PDE1 is encoded by three genes, namely PDE1A, 1B and 1C, which have several splice variants and show distinct distributions in multiple species, including humans, mice and rats (Francis et al., 2011; Kakkar et al., 1999; Lugnier, 2006). Fig. 1C shows the family tree of PDE1 gene and its subtypes identified from different mammalian tissues and species. PDE1A has three isoforms PDE1A1, PDE1A2 and PDE1A3 (Fidock et al., 2002; Yan et al., 1996). PDE1A1 is a 59 kDa protein isolated from bovine brain (Novack et al., 1991; Sonnenburg et al., 1995). PDE1A2 is a 61 kDa protein also obtained from bovine brain tissue (Charbonneau et al., 1991; Sonnenburg et al., 1993). PDE1A3 cDNA was isolated from human tissue using bovine cDNA fragment (61-kDa PDE1A2) as probe and has an additional 42-nucleotide insertion sequence than PDE1A2 (Loughney et al., 1996). All PDE1A isoforms are characterized by the presence of common Ca2+/CaM binding site. However, these isoforms possess different affinity towards Ca2+/CaM due to the variations in the amino acid sequence at the regulatory N-terminal region (Florio et al., 1994). PDE1B gene consists of two isoforms, PDE1B1 (encoding 63 kDa protein with 536 amino acid residues) and PDE1B2 (encoding 59 kDa protein containing 516 amino acid residues), which were identified using human cDNA library and lymphoblastoid B-cell line, respectively (Bentley et al., 1992; Jiang et al., 1996; Yu et al., 1997). PDE1B1 and PDE1B2 differ in their amino acid content in the N-terminal sequence due to the existence of alternate first exon. PDE1B1 contains a unique 38-amino acid residues in its N-terminal end, whereas PDE1B2 consists of 18 amino acid residues in its N-terminus (Bentley et al., 1992; Repaske et al., 1992). PDE1C gene contains multiple isoforms and responds differently to various cell-specific stimuli. So far, five different subtypes have been reported ranging from PDE1C1 to 1C5 and each isoform has their unique function in various disease conditions (Yan et al., 1996; Yan et al., 1995). PDE1C subtypes have a longer carboxy region than PDE1A and PDE1B and therefore result in large molecular weight protein transcripts that range from 72 to 87 kDa.

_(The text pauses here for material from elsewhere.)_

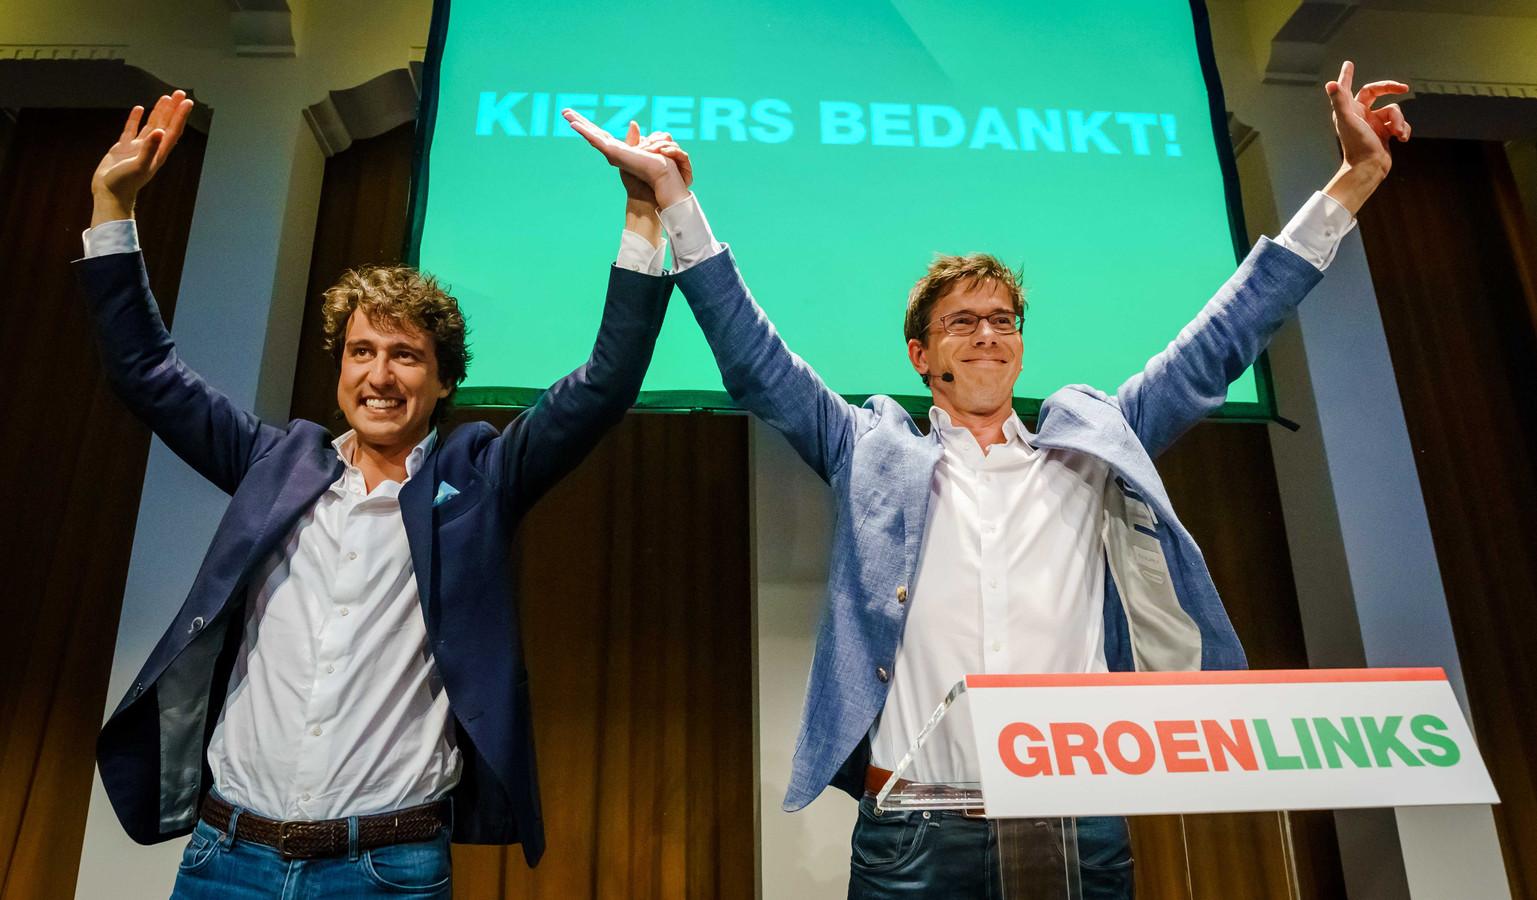 GroenLinks-leider Jesse Klaver (links) en lijsttrekker voor het Europees Parlement Bas Eickhout na afloop van de exitpolls van de Europese Parlementsverkiezingen.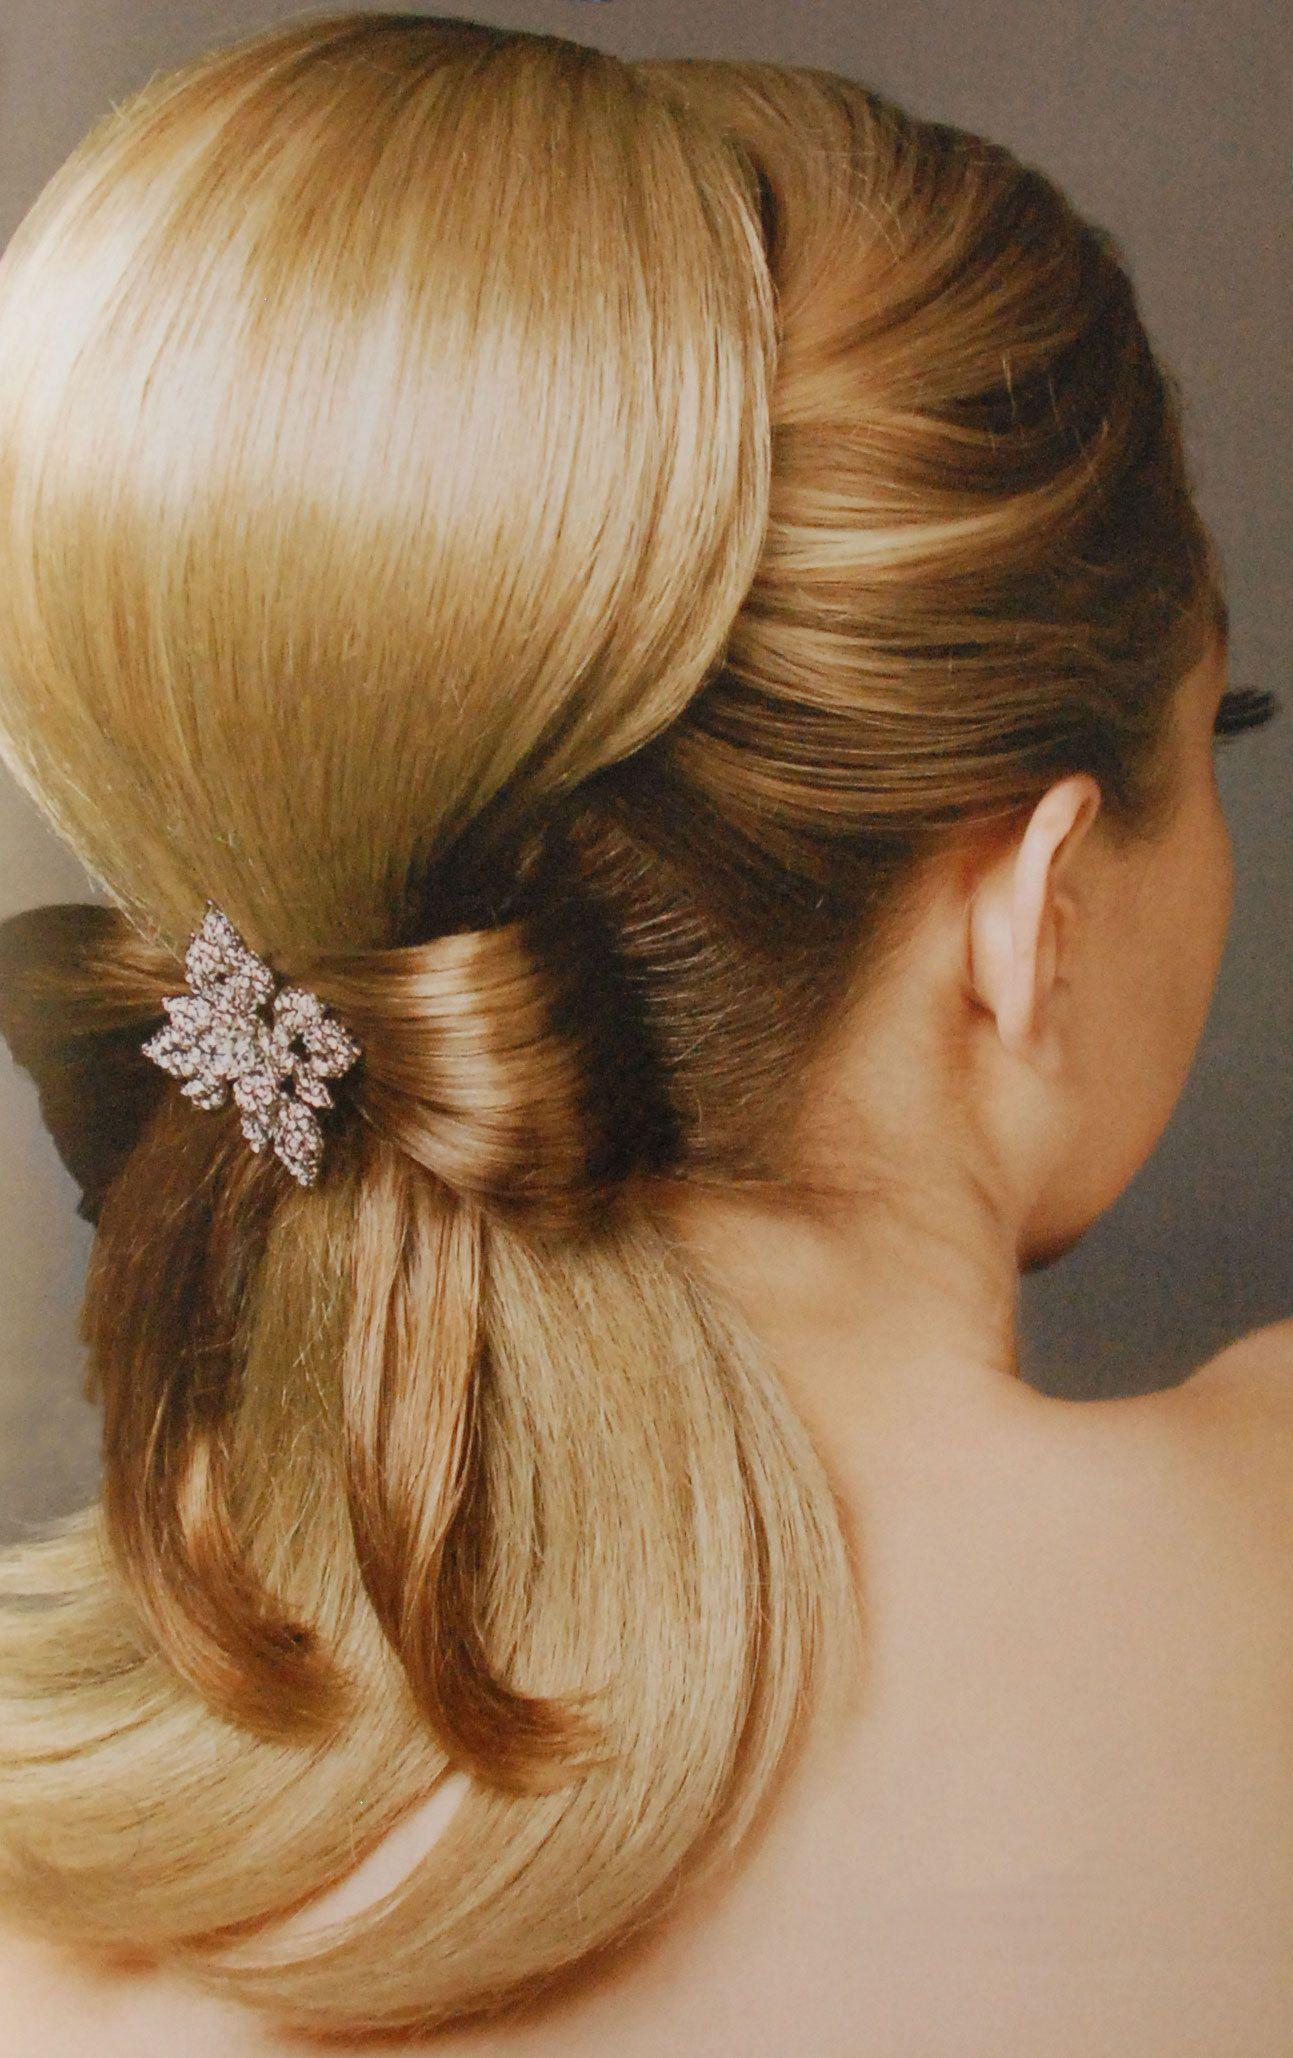 Wunderschöne, klassische Brautfrisur mit Haarschleife als Abschluß. Sehr elegant.

The km for all three PDE1 enzymes for cGMP is in the range of 1 to 5 μmol/L, among them, PDE1A and 1B have high affinity towards cGMP substrate, whereas PDE1C hydrolyses both cAMP and cGMP with equal efficacy. PDE1A affinity towards cAMP is lower (Km=50 to 100 μmol/L) than cGMP (Km=1 to 5 μmol/L). Compared to PDE1C4, PDE1A2 has an approximately 30-fold greater Km for cAMP. PDE1B has a slightly higher affinity for cAMP (Km=7 to 24 μmol/L) compared to PDE1A (Loughney et al., 1996). The cAMP hydrolysing capacity of PDE1A and B can be hindered by the level of cGMP in the system (Yan et al., 1996) with the exception of PDE1C, which can hydrolyze both cAMP and cGMP with equal efficacy. These enzyme kinetics become a crucial factor during the substrate availability and the preferential activation of PDE1C isoforms under certain cell stimuli. Table 1 shows the Km and affinity of each PDE1 isoforms towards cAMP and cGMP and its half-maximum inhibitor concentration for Ca2+/CaM binding. The varying enzyme kinetics among the PDE1 isoforms highlights a critical function in the cross talk between cAMP and cGMP signaling. Similarly, the role of these genes varies from species to species: for example PDE1C regulates the proliferative phenotype of smooth muscle cells (SMCs) in human (Rybalkin et al., 2002) whereas in rodent PDE1A maintains the quiescent phenotype of SMCs, while PDE1C expression remains unchanged or have a minor impact. Even though the dual substrate specificity of PDE1 gives the advantage to hydrolyze both cAMP as well as cGMP, the availability and proximity of these nucleotide second messenger to PDE1 enzyme is crucial and needs further investigation. Moreover, the lack of isoform-specific PDE1 inhibitor impedes the current research progress on dissecting the exact role of each PDE1 isoforms.
Table 1.
Summary of enzyme kinetics, tissue expression, inhibitors and function of phosphodiesterase 1 superfamily.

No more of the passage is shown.